TASK TO CARRY OUT: Copy the data exactly, pictures aside.

DATASET EXCERPT:

:::::

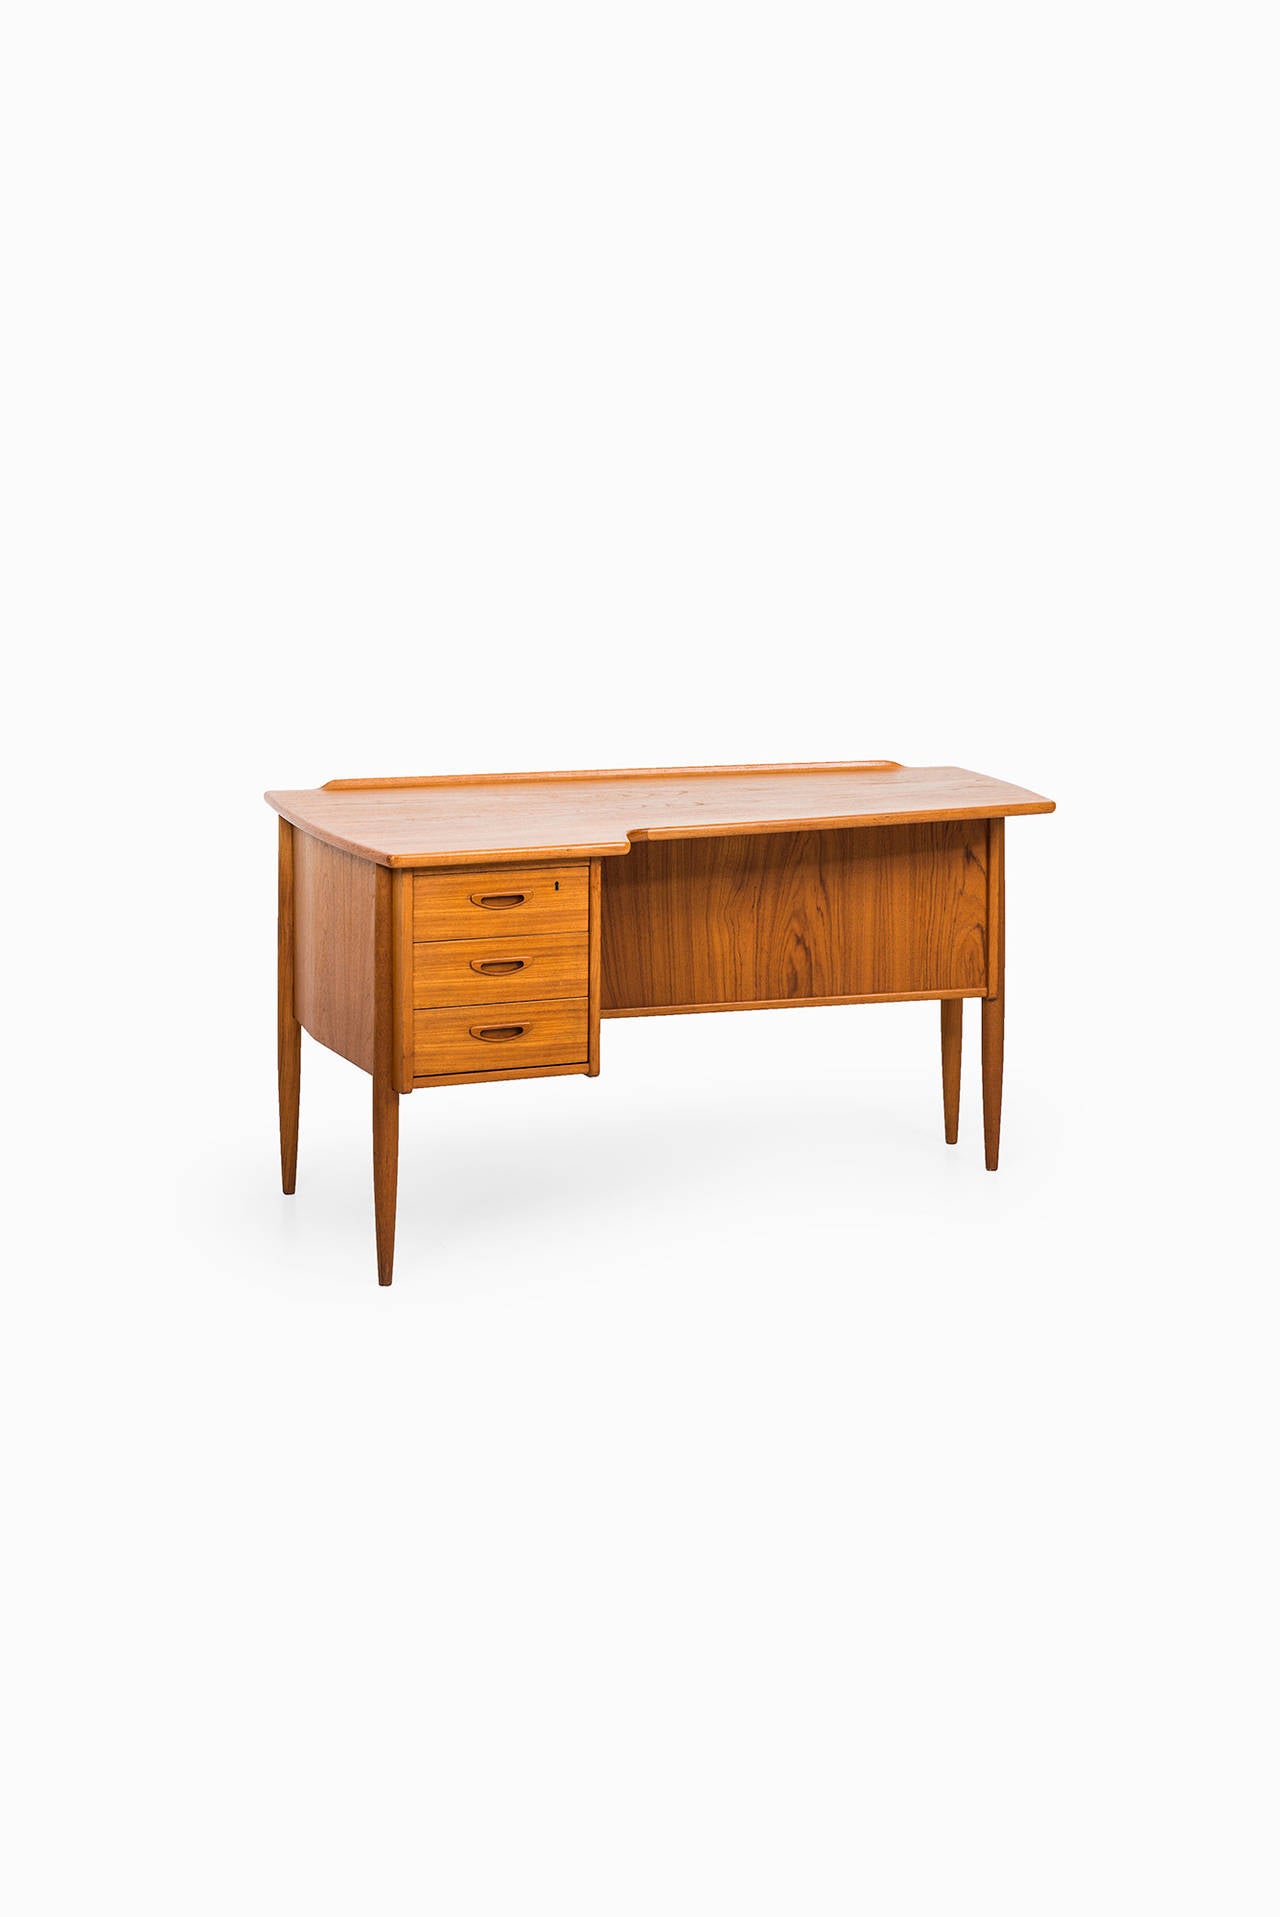 Göran Strand Desk Model A10 by Lelångs Möbelfabrik in Sweden In Excellent Condition In Limhamn, Skåne län
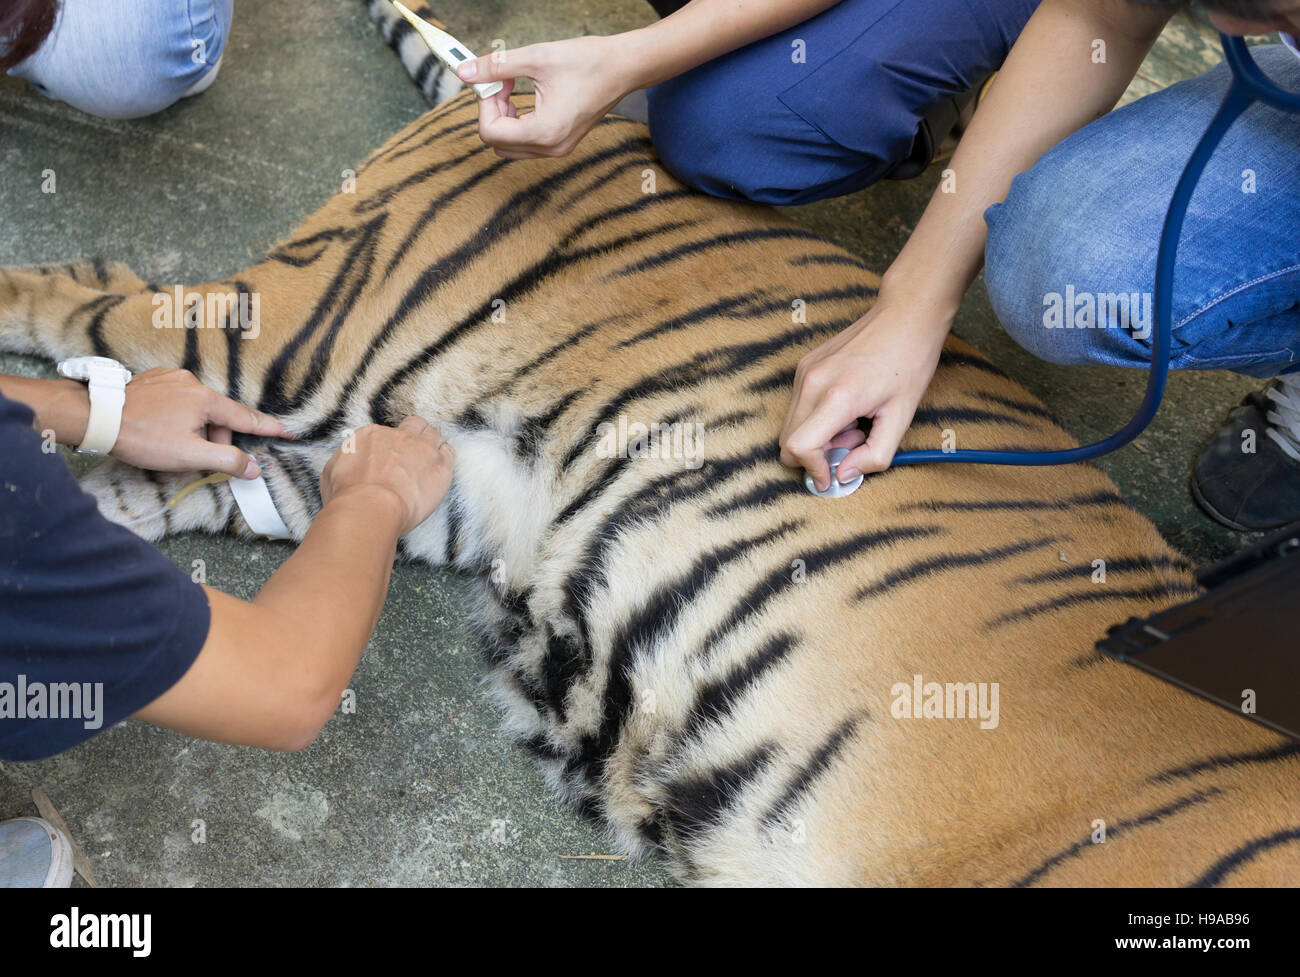 Tierarzt behandeln die Tiger in einem zoo Stockfoto
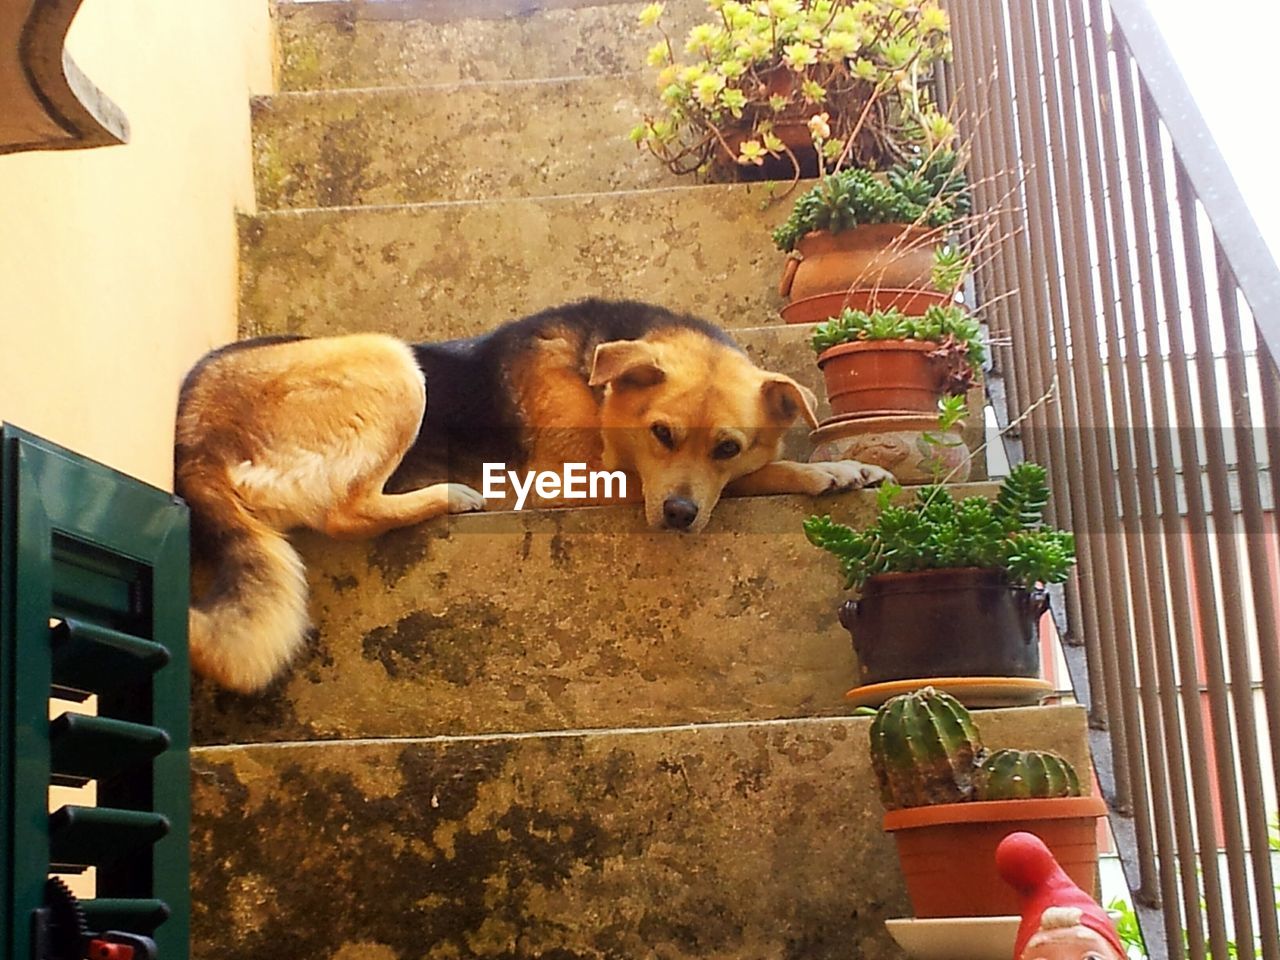 VIEW OF A DOG LOOKING AT CAMERA

:::::

YOUR SOLUTION:
 Göran Strand Desk Model A10 by Lelångs Möbelfabrik in Sweden In Excellent Condition In Limhamn, Skåne län
 Tierarzt behandeln die Tiger in einem zoo Stockfoto
 VIEW OF A DOG LOOKING AT CAMERA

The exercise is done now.